**Exercise prompt**
Every line of the data below is to be given again as it appears, with the images removed.

**Dataset content**
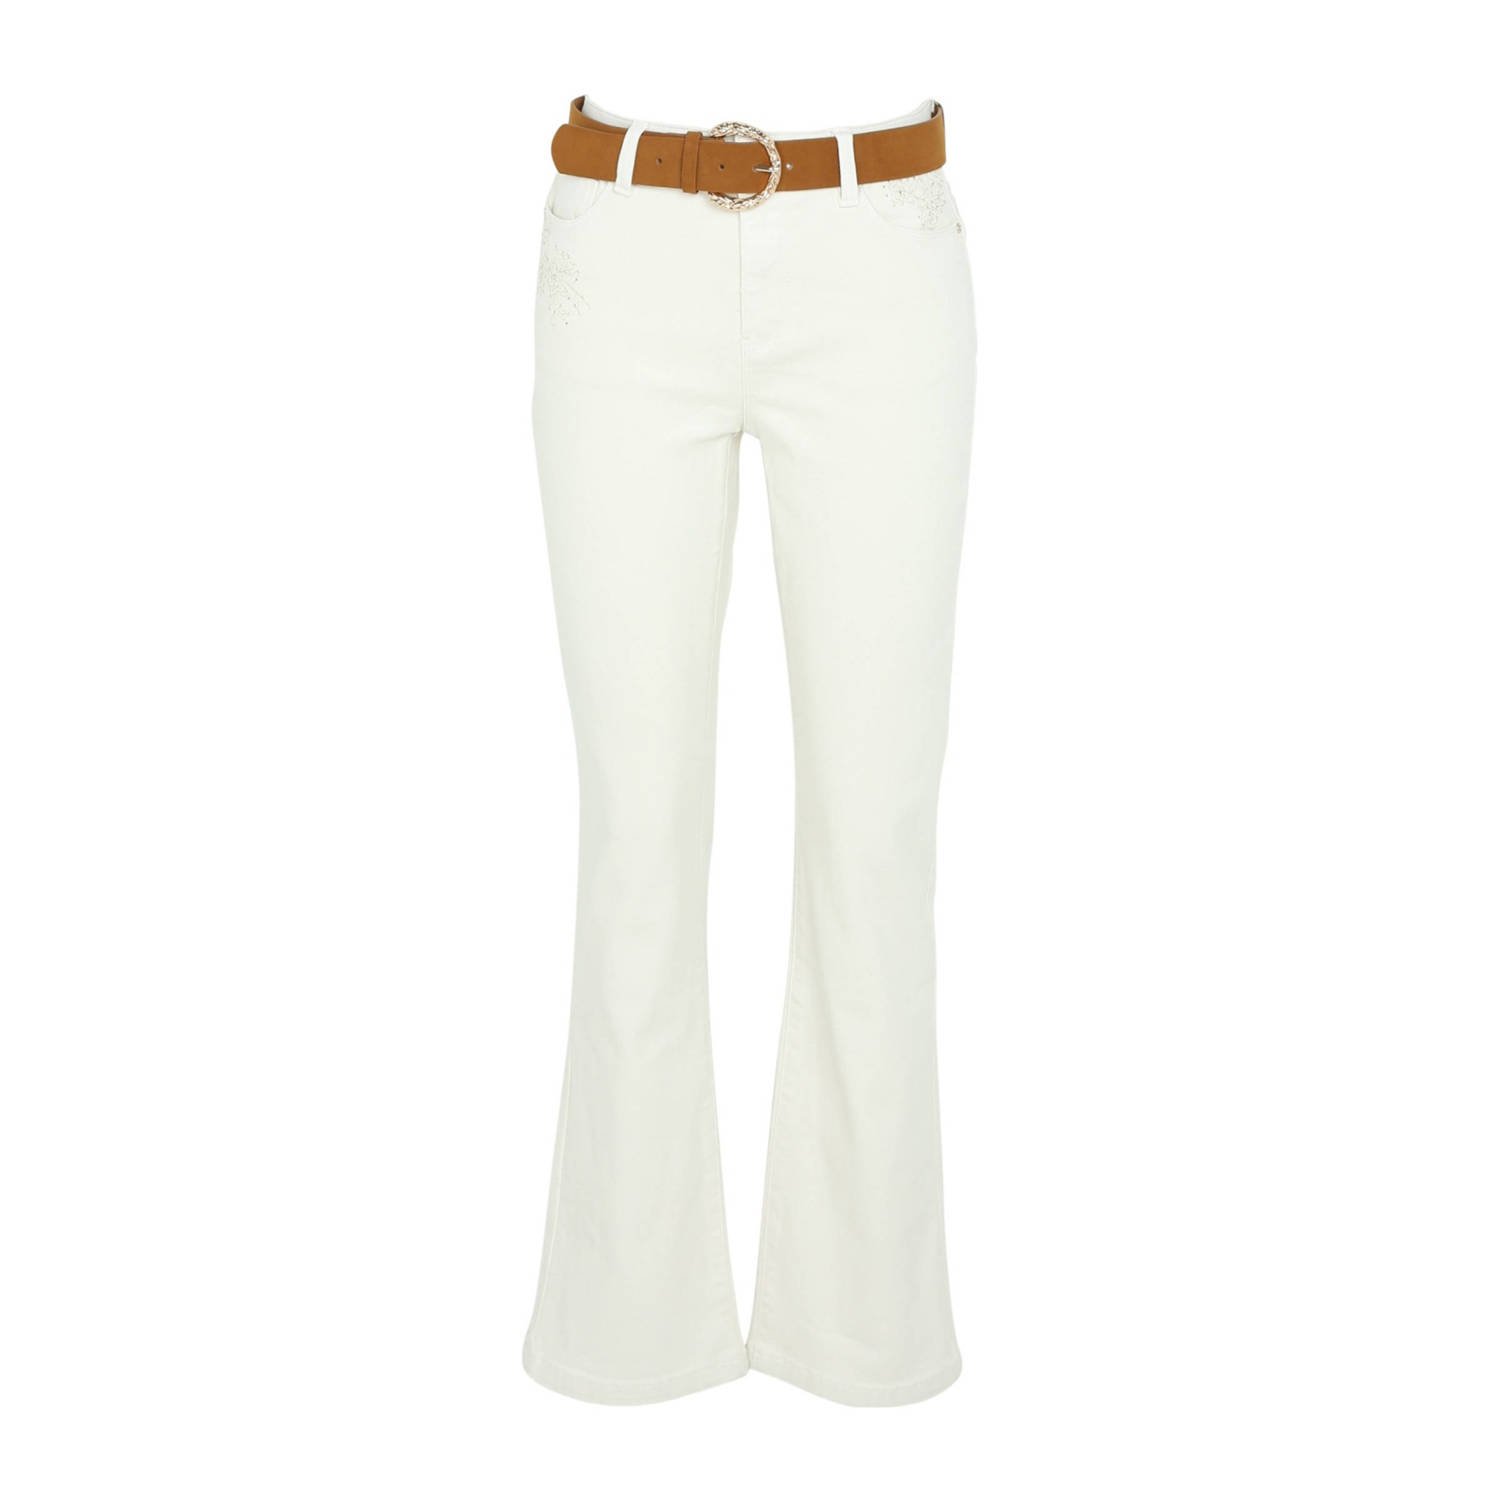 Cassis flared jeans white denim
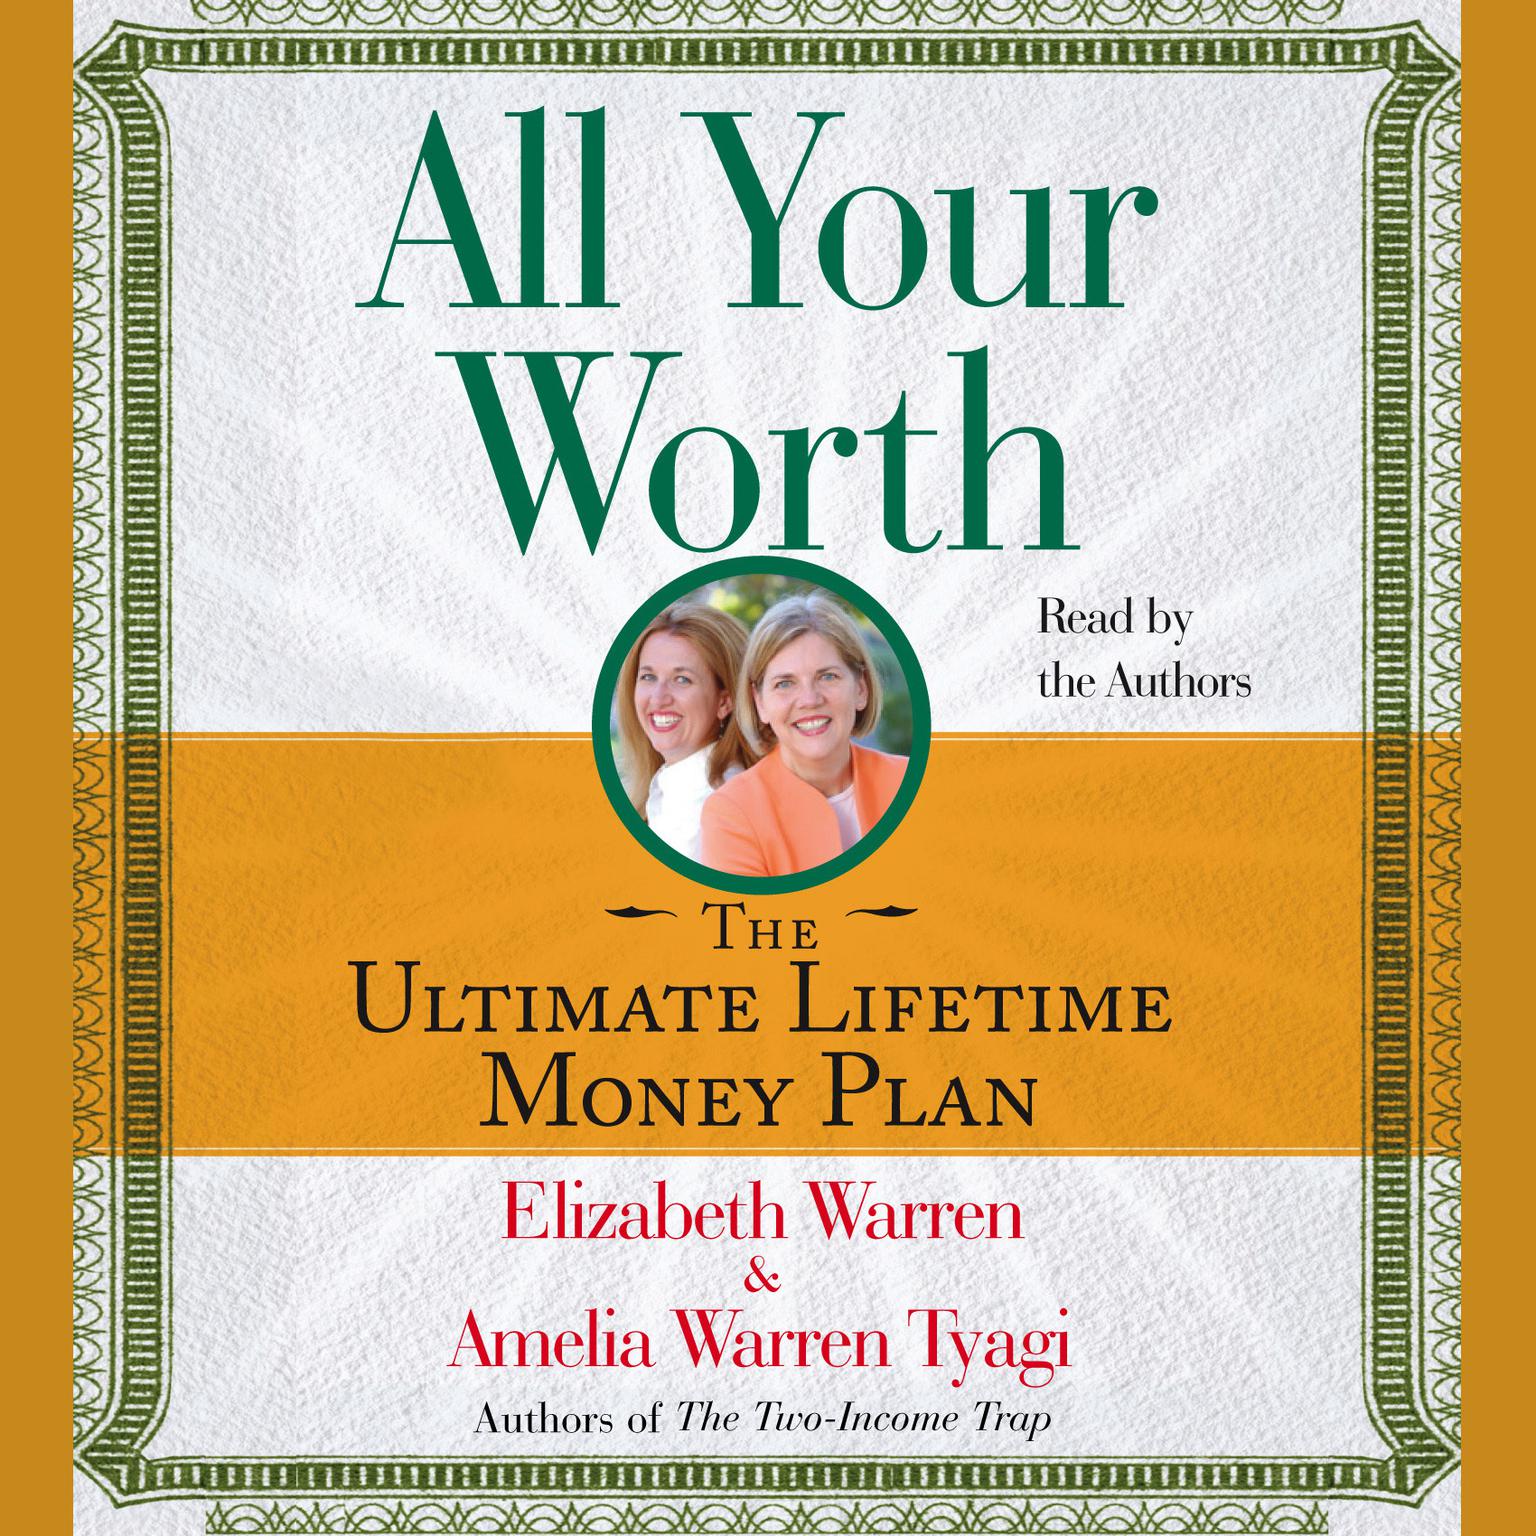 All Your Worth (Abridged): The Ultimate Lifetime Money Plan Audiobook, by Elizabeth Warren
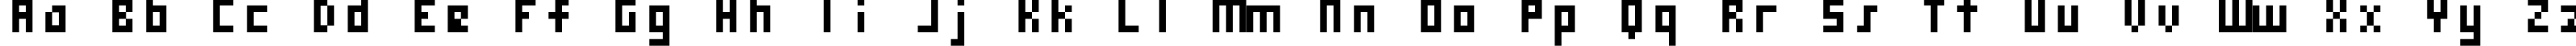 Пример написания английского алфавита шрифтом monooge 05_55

**Answer**
 Cassis flared jeans white denim
 All Your Worth (Abridged): The Ultimate Lifetime Money Plan Audiobook, by Elizabeth Warren
 Пример написания английского алфавита шрифтом monooge 05_55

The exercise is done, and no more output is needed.